By Ted Hesson
WASHINGTON (Reuters) -The U.S. Supreme Court allowed Donald Trump’s administration on Monday to terminate the Temporary Protected Status of about 350,000 Venezuelans living in the U.S. Trump has sought to end the status for Venezuelans, Haitians, Afghans and others.
WHAT IS TEMPORARY PROTECTED STATUS?
Temporary Protected Status provides deportation relief and work permits to people already in the U.S. if their home countries experience a natural disaster, armed conflict or other extraordinary event.
The U.S. Homeland Security secretary has the authority to grant TPS to people from specific countries in increments of six to 18 months.
Two months before the status expires, the secretary must determine whether to renew it, expand it to include new arrivals from the country, or terminate it.
Congress created the program in 1990 after a spike in migrants fleeing civil war in El Salvador.
While the status is temporary in nature, many designations have been renewed for decades. TPS does not offer a path to citizenship, leaving many people on temporary status for years or decades.
HOW DID TRUMP APPROACH TPS IN HIS FIRST TERM?
During his first term, Trump’s administration sought to terminate most TPS enrollment, part of a broader crackdown on legal and illegal immigration.
The administration moved to end TPS for about 400,000 people from El Salvador, Haiti, Honduras, Nicaragua, Nepal and Sudan, who made up the vast majority of those in the program.
Federal courts blocked the effort, however, keeping the TPS designations in place throughout the Republican Trump’s first term ending in 2021.
WHAT HAPPENED UNDER BIDEN?
Joe Biden, a Democrat who took office in 2021, sought to preserve existing TPS enrollment and expand the program to include hundreds of thousands of migrants from other nations.
Biden granted TPS to people from Afghanistan, Cameroon, Ethiopia, Lebanon, Myanmar, Ukraine and Venezuela while expanding eligibility for Haitians and others.
Venezuelans made up the largest group with more than 600,000 eligible for the protections by the end of Biden’s term.

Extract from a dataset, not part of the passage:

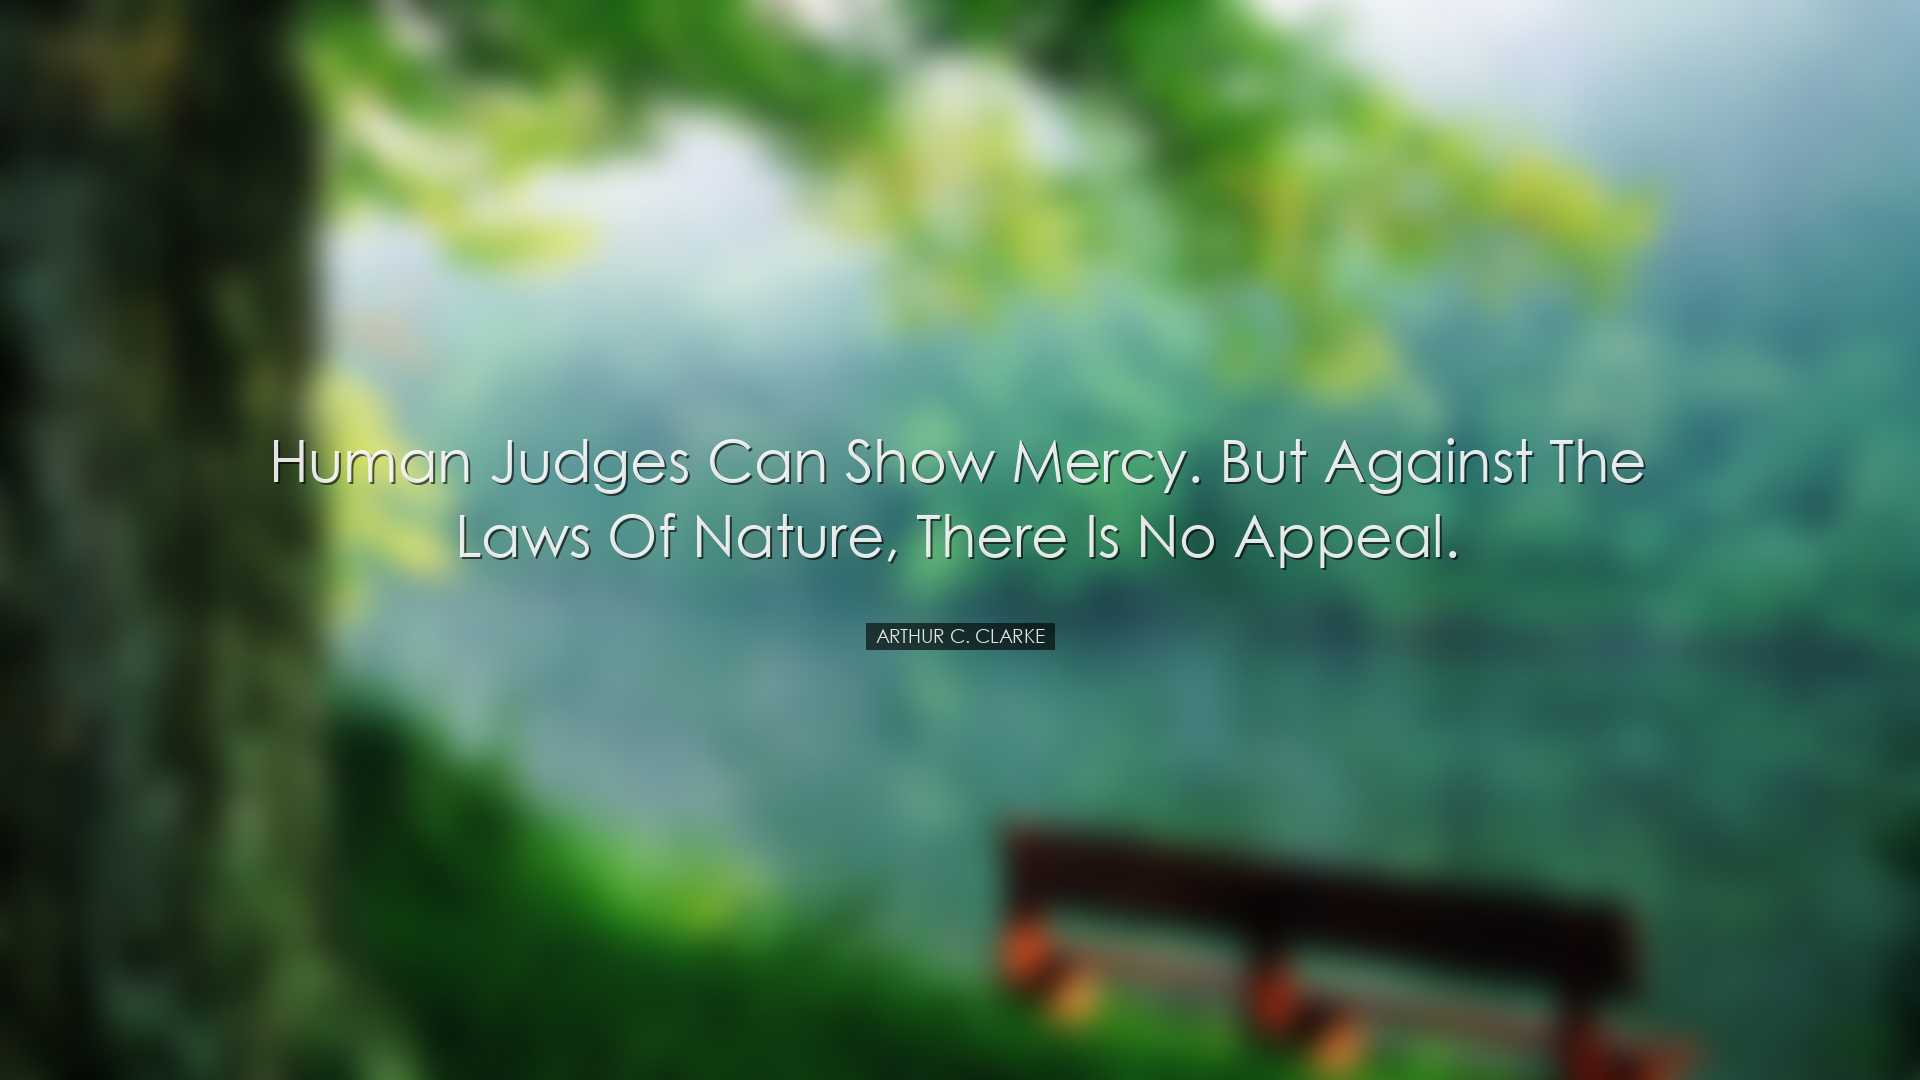 Human judges can show mercy. But against the laws of nature, there

In the days before Biden left office, then-Homeland Security Secretary Alejandro Mayorkas granted an additional 18 months of TPS to immigrants from El Salvador, Sudan, Ukraine and Venezuela, an unprecedented move apparently to help them remain in the U.S. after Trump took office.
Some 17 countries had TPS by the end of Biden’s presidency, up from 10 in 2020.
WHAT HAS TRUMP DONE SO FAR?
Kristi Noem, Trump’s Homeland Security secretary, rescinded the Biden-era extension of TPS for Venezuelans a little more than a week after Trump took office.
Noem said the new administration did not want to be bound by the last-minute Mayorkas decision to extend protections and wanted to root out alleged Venezuelan gang members.
She terminated TPS for about 348,000 Venezuelans in early February, putting them on a trajectory to lose deportation protections and work permits by April. The rest of the roughly 600,000 Venezuelans have protections due to expire in September, meaning Noem would make that decision in July.
Noem has rescinded the Biden-era extension of TPS for 521,000 Haitians so that the protections would expire in August barring any extension.
Noem decided in April to terminate TPS for 14,600 Afghans and 7,900 Cameroonians, the Department of Homeland Security said at the time. In a notice this month, DHS said the Afghanistan termination would take effect in July. Cameroonians are set to lose protections in June.
The Supreme Court order on Monday does not directly affect these other terminations but could make lower court judges more likely to allow terminations to proceed even if they are challenged in court.
WHAT HAS THE RESPONSE BEEN?
At least four lawsuits were filed challenging Noem’s moves to strip TPS protections for Venezuelans and Haitians.
A San Francisco-based federal judge in March blocked the Venezuela termination, saying the administration’s depiction of the migrants as criminals “smacks of racism.” The 9th U.S. Circuit Court of Appeals in April declined to pause the lower court’s order.
The Trump administration appealed to the Supreme Court, which on Monday issued the order allowing the termination to go forward while litigation is ongoing.
Conservative groups and Republicans have generally backed Trump’s efforts to end TPS, saying it should be used for short-term relief and not be renewed for decades.
But Republican U.S. Representative Maria Salazar, whose South Florida district is home to Cubans and Venezuelans who oppose Venezuela’s socialist government, co-sponsored a bipartisan bill this month that would grant Venezuelans an additional 18 months of TPS.
Refugee groups sharply criticized the decision to end TPS for Afghanistan, saying it would send Afghans back to danger under the Taliban-led government.